• [What the exercise asks]:
Only one stretch of the material below is wanted: everything from the line containing "Variation in penis" down to the line containing "Goliving Classic Tafellamp", both ends included. Repeat it exactly and skip the pictures.

• [Input data]:
◆ ◆ ◆

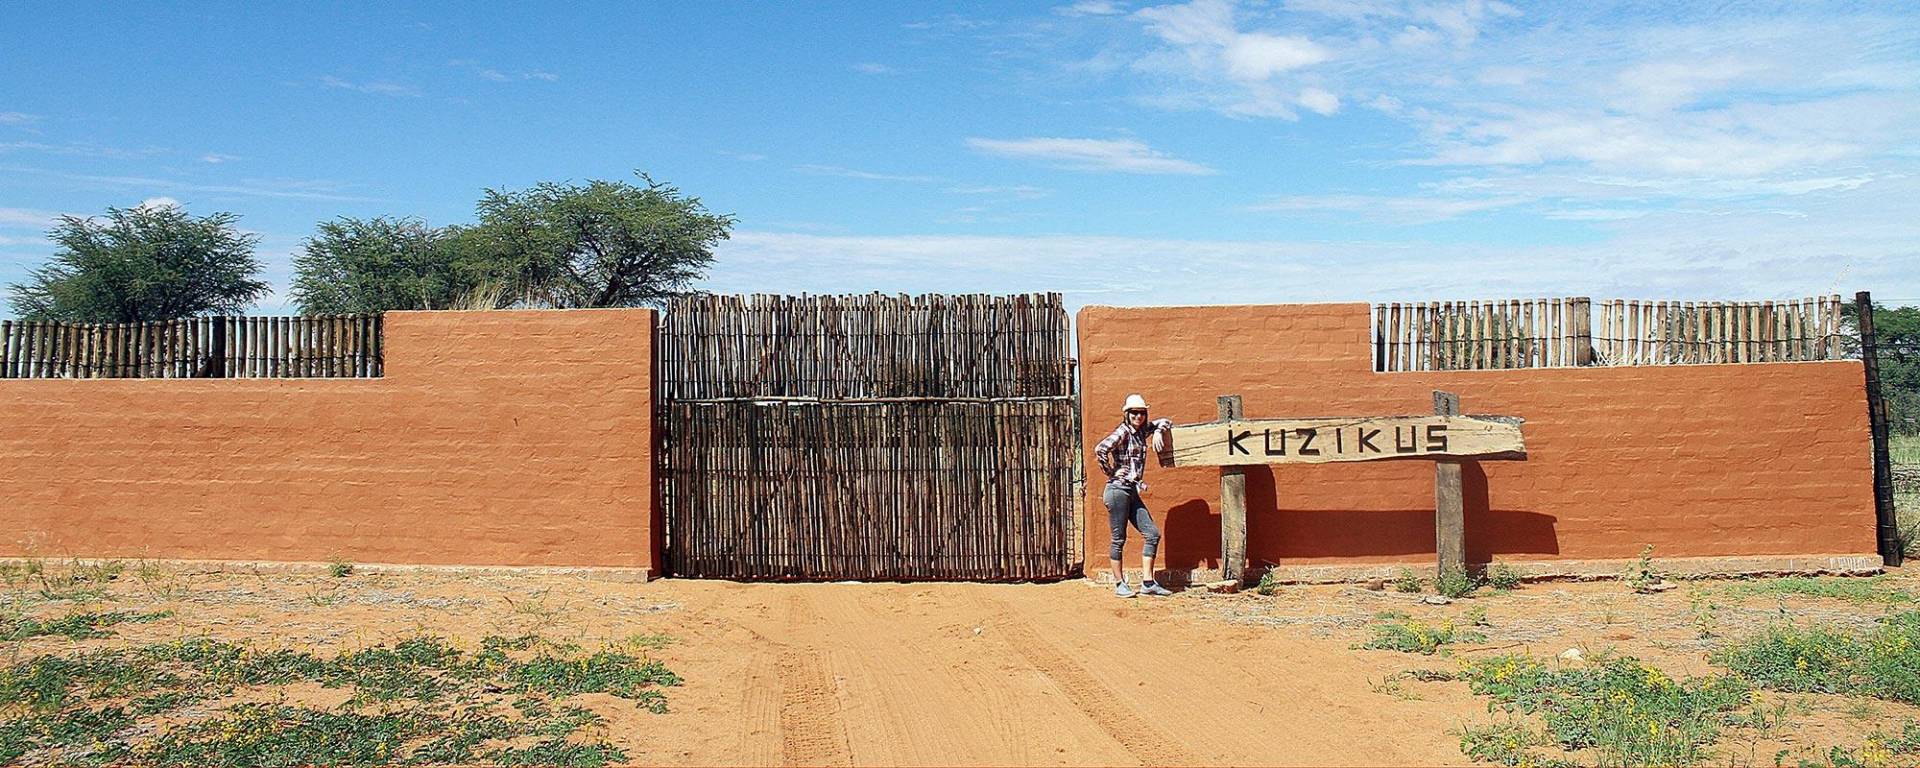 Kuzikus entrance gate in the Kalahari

◆ ◆ ◆

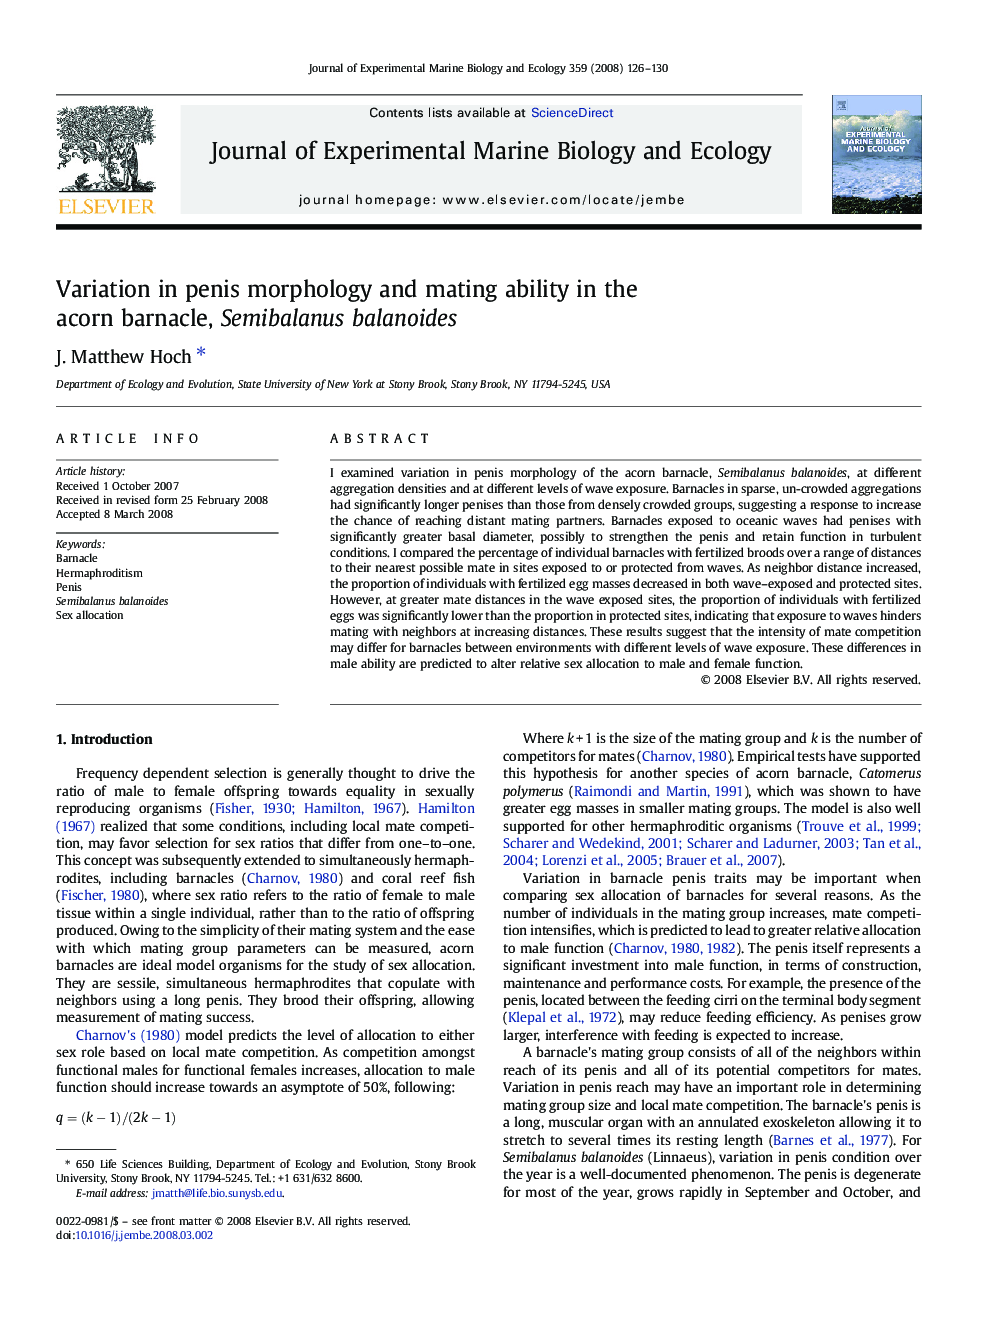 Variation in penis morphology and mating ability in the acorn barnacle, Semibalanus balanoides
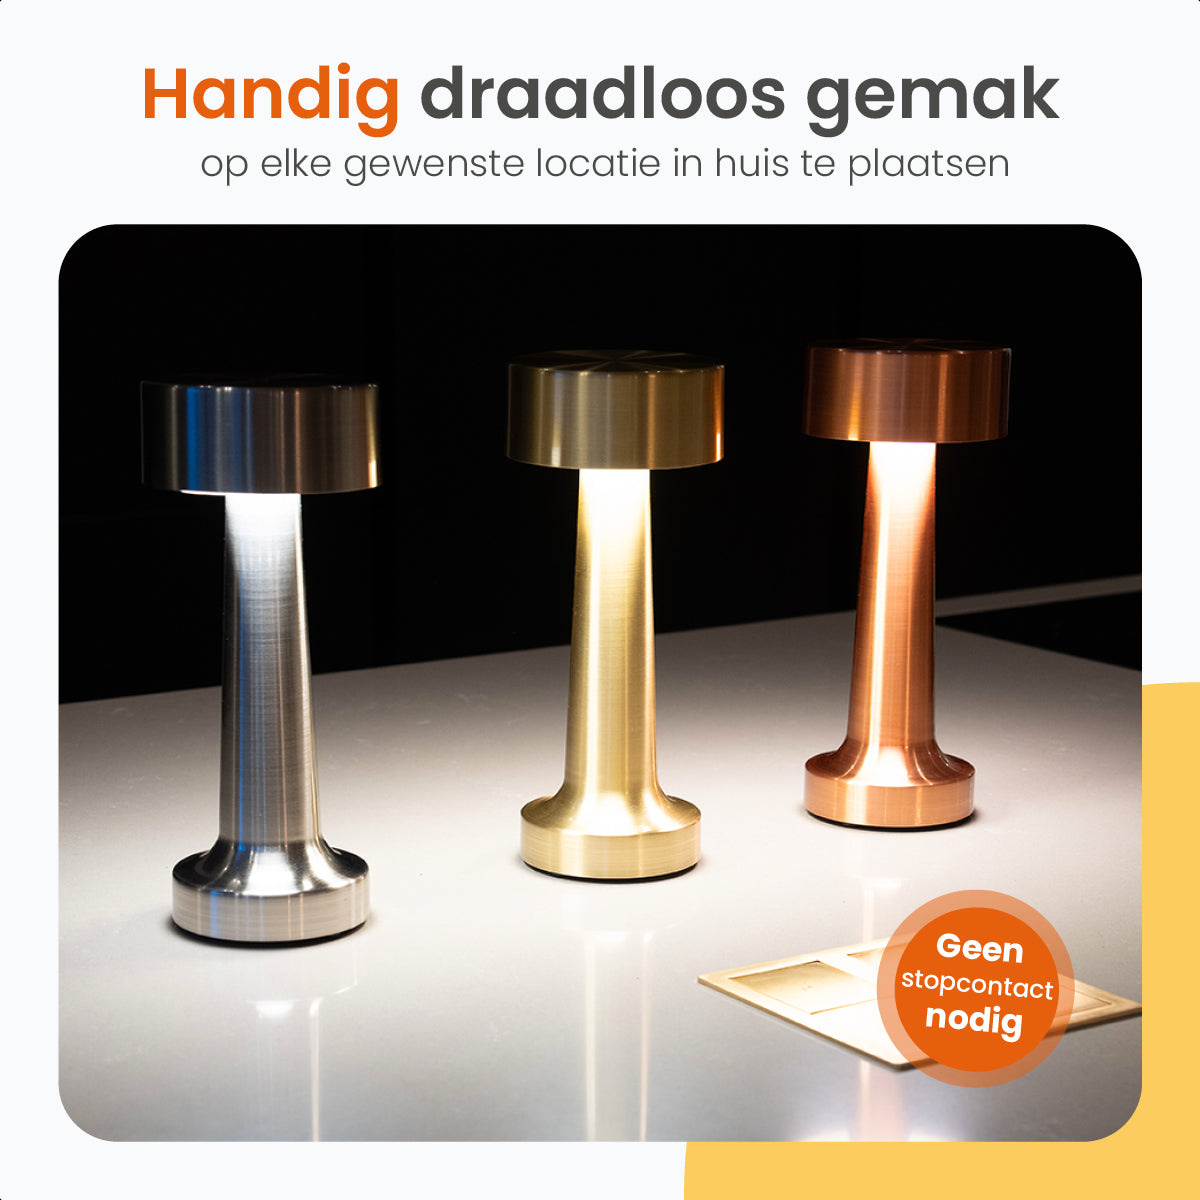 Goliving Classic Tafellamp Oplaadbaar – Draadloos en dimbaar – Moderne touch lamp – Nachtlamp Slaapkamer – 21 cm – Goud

◆ ◆ ◆

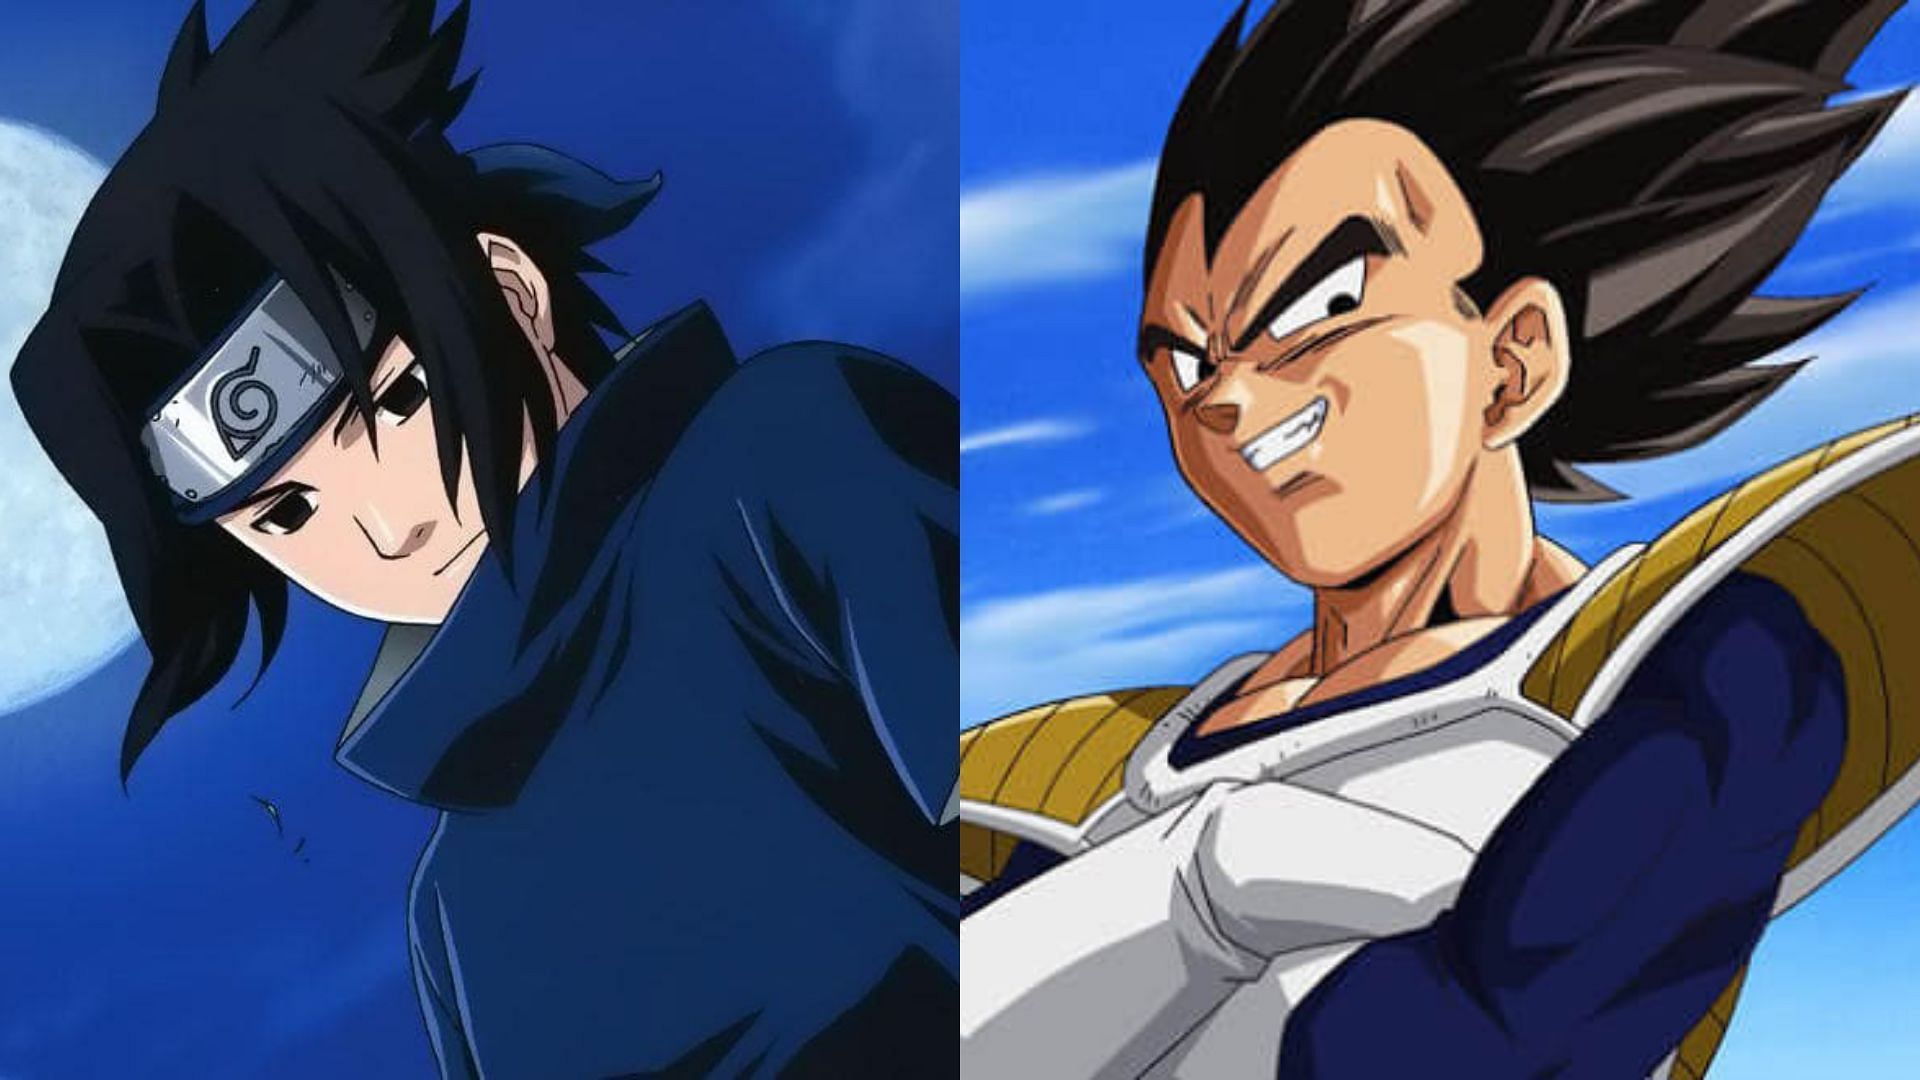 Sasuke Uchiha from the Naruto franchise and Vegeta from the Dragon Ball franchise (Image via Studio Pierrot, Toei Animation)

◆ ◆ ◆

• [Response to the exercise]:
 Variation in penis morphology and mating ability in the acorn barnacle, Semibalanus balanoides
 Goliving Classic Tafellamp Oplaadbaar – Draadloos en dimbaar – Moderne touch lamp – Nachtlamp Slaapkamer – 21 cm – Goud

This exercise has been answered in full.